ACTIVITY: Copy out every line holding the string "Group" from the records below.

+++++

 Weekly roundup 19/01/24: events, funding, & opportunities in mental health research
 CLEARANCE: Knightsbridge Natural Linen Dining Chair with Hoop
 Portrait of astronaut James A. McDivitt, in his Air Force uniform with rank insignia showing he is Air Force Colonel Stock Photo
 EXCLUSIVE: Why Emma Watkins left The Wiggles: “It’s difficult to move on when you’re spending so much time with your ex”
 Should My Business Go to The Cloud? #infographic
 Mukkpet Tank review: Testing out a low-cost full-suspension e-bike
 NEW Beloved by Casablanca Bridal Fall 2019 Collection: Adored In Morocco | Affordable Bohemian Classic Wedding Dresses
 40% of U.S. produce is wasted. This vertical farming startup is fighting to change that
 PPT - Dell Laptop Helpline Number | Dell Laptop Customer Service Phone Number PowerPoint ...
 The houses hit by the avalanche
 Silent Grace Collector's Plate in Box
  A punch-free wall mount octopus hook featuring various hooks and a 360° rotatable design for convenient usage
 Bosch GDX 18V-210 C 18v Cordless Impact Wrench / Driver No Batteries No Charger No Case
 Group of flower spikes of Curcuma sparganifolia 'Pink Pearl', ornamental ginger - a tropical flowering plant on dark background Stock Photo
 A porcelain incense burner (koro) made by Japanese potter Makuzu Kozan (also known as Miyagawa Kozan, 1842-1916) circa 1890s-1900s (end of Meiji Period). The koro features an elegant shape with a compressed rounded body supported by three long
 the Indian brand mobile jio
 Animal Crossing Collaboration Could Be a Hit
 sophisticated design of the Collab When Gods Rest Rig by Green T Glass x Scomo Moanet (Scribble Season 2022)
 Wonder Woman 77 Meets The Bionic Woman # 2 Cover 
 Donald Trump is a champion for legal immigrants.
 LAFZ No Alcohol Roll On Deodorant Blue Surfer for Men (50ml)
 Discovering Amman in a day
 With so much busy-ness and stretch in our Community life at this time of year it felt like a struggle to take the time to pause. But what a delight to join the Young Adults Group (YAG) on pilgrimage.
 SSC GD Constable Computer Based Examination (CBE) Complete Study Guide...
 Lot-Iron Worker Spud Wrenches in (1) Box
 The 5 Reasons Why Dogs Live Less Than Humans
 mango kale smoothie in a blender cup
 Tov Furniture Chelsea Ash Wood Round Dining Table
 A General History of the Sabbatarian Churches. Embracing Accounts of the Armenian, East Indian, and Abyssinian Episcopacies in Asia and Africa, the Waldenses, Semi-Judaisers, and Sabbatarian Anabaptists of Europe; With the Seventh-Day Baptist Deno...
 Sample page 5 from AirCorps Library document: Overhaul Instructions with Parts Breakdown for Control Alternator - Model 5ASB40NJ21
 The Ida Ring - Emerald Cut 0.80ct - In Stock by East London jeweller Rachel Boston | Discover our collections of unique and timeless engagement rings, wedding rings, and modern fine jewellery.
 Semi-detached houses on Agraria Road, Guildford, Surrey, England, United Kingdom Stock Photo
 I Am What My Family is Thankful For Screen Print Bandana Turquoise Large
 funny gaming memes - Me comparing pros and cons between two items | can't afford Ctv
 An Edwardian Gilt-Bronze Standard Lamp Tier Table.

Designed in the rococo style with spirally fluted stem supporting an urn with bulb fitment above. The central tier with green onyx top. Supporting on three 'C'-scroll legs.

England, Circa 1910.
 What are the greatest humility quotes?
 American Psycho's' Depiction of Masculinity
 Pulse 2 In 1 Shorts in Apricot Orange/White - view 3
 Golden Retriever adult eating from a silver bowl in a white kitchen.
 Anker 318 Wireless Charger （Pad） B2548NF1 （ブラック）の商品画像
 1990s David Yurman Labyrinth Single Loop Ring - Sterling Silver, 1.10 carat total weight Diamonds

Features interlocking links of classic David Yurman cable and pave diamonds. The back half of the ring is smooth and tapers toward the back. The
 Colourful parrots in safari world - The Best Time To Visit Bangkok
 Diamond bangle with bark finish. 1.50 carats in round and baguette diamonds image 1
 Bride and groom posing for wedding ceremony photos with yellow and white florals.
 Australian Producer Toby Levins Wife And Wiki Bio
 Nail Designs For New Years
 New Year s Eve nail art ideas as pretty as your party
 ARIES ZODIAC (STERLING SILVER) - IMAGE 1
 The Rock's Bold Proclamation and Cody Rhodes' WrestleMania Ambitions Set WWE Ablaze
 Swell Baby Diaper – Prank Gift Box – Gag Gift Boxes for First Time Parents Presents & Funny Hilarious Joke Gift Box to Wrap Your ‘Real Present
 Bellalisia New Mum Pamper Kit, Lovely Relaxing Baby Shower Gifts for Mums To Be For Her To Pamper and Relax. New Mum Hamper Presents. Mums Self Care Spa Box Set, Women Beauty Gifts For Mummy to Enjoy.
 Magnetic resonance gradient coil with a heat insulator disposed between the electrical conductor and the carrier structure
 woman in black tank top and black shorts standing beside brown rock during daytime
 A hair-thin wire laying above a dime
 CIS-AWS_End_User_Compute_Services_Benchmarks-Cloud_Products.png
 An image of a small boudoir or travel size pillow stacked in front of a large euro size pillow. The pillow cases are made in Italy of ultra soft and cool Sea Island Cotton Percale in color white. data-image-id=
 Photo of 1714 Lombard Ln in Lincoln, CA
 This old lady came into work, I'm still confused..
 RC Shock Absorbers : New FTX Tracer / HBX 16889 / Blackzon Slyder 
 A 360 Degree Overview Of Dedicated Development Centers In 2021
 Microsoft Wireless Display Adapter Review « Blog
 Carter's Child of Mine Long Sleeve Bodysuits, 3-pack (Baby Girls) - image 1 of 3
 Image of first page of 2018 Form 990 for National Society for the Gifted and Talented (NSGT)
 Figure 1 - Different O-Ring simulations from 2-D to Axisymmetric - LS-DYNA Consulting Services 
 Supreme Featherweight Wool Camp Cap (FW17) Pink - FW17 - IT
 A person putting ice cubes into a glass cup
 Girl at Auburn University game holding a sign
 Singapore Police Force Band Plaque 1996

+++++

REPLY:
 Group of flower spikes of Curcuma sparganifolia 'Pink Pearl', ornamental ginger - a tropical flowering plant on dark background Stock Photo
 With so much busy-ness and stretch in our Community life at this time of year it felt like a struggle to take the time to pause. But what a delight to join the Young Adults Group (YAG) on pilgrimage.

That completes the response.